The best, and most practical, exercise for lower body strength is the squat. Squatting is essentially the same movement you make every day when you get out of a chair or off the toilet. Adding some resistance to the movement will improve strength and muscularity.

To perform a squat, place a chair or ottoman behind you. For balance purposes, stretch out your arms in front of you at shoulder level. With your feet firmly planted on the ground, slowly bring your hips back so your knees bend. Bend your knees so they do not cave in, instead aligning them directly over your foot or pointing slightly outward. When you feel your bum contact the chair or ottoman, push your feet into the floor so your legs extend and you return the standing position.

You should focus on contracting the muscles in your upper leg and feel it from your butt almost to the back of your knee in the rear (glutes and hamstrings), and from above the knee to almost your hip in the front (quadriceps).

2. Side to Sides

For this exercise, you’ll want to put on a pair of sneakers and make sure they are tied up tightly enough.
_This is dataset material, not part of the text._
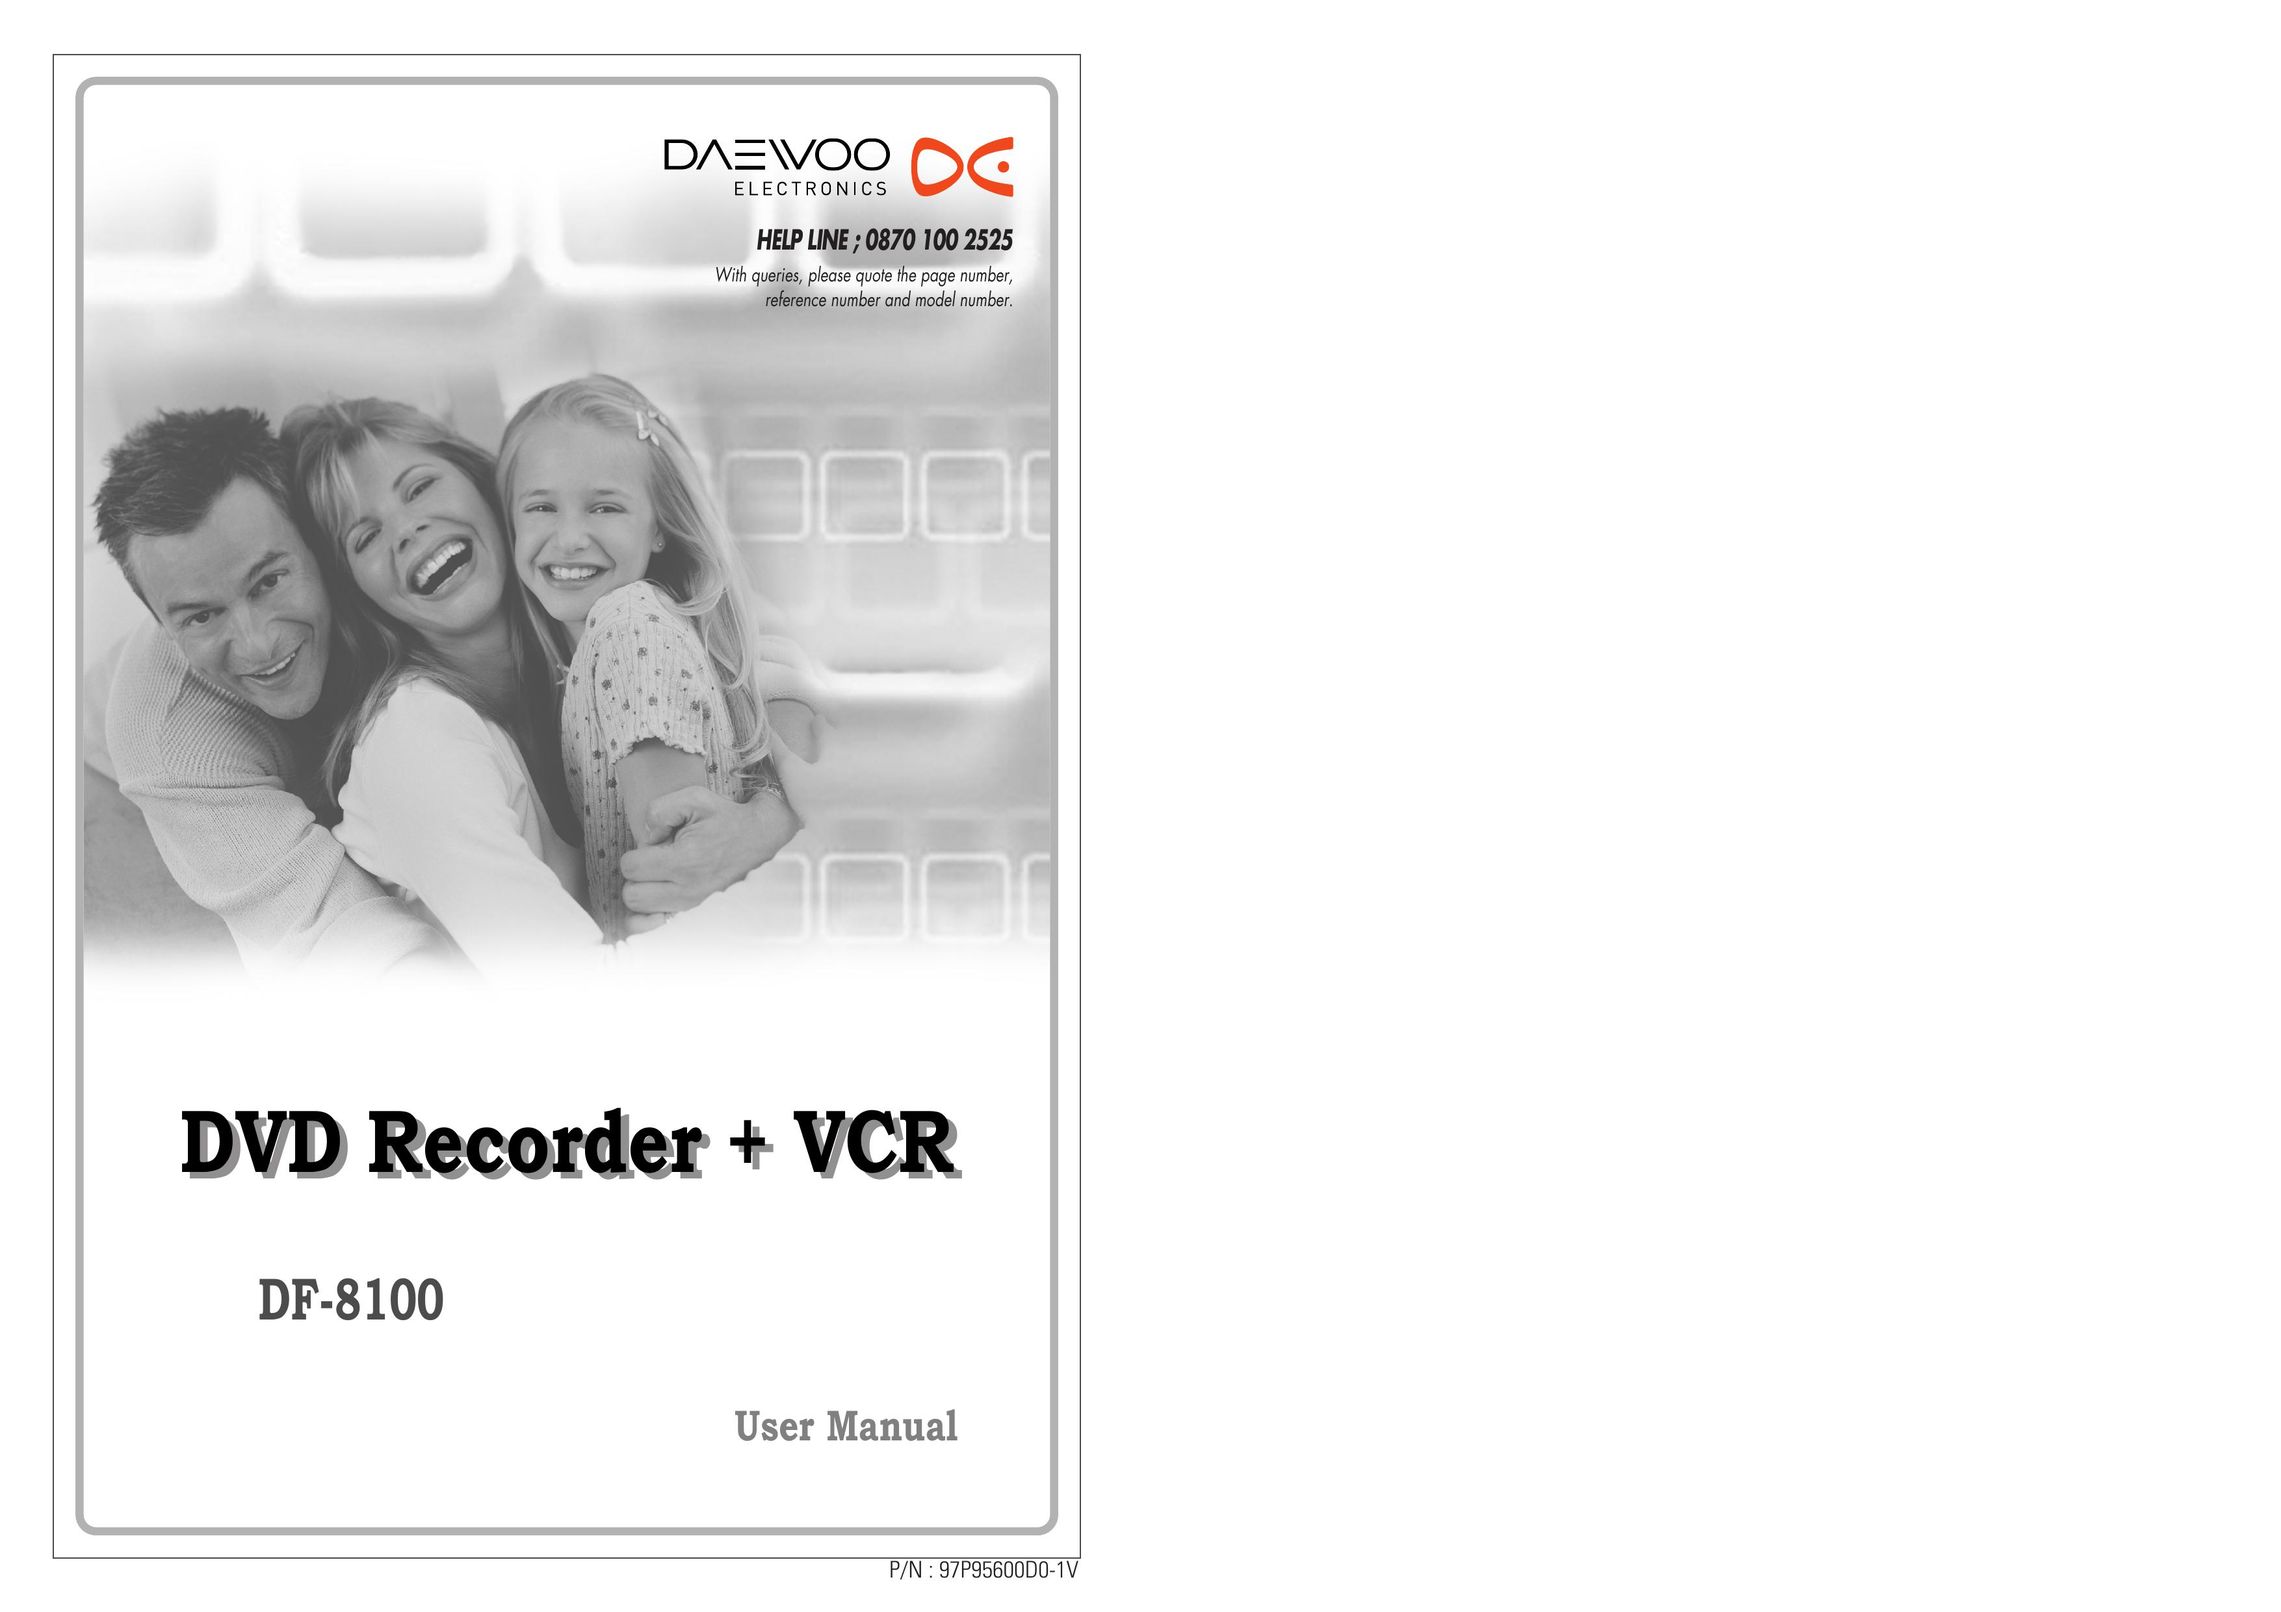 Daewoo DF-8100 DVD Recorder User Manual

Clear a space on the floor, in the garage, or on the driveway, and arrange some items on the ground between six and 10 feet away from each other. Arrange four or six items in a box shape; then, walk over to one, pick it up, and carry it over to another space. Do a few rotations with sidesteps and regular walking, switching the patterns you move through the box. This will help with balance and agility because you’ll be changing directions and improving lateral mobility.

Tai Chi is also a great way to improve balance, agility, and improve the mind-muscle connection.

Foods That Can Help Improve Balance

As noted, certain nutrients can aid in balance and durability. Vitamin D is an important nutrient and is associated with fall risk, so it’s important to make sure you’re getting enough. Because the best source of vitamin D is natural sunlight, it can be very hard to get—especially in cooler temperatures. You can supplement with vitamin D, while also trying to eat foods like

  • Salmon
  • Fortified cereals and grains
  • Fortified orange juice
  • Fortified fish oil supplements

Protein is also highly important to build and maintain muscle mass, while also promoting satiety. Some great sources include:

  • eggsChicken breast
  • Eggs
  • Egg whites
  • Turkey breast
  • Flank steak
  • Wild boar
  • Sirloin steak
  • Game meat
  • Legumes

Doing What You Can to Prevent Falls

A potential fall could be waiting on the other side of every step, and it’s virtually uncontrollable. However, you can do things to regain balance and limit the risk and dangers of a fall. Doing your best to protect yourself from a fall is highly recommended and can provide a number of additional health benefits, too. Lastly, if you do fall, visit your doctor immediately.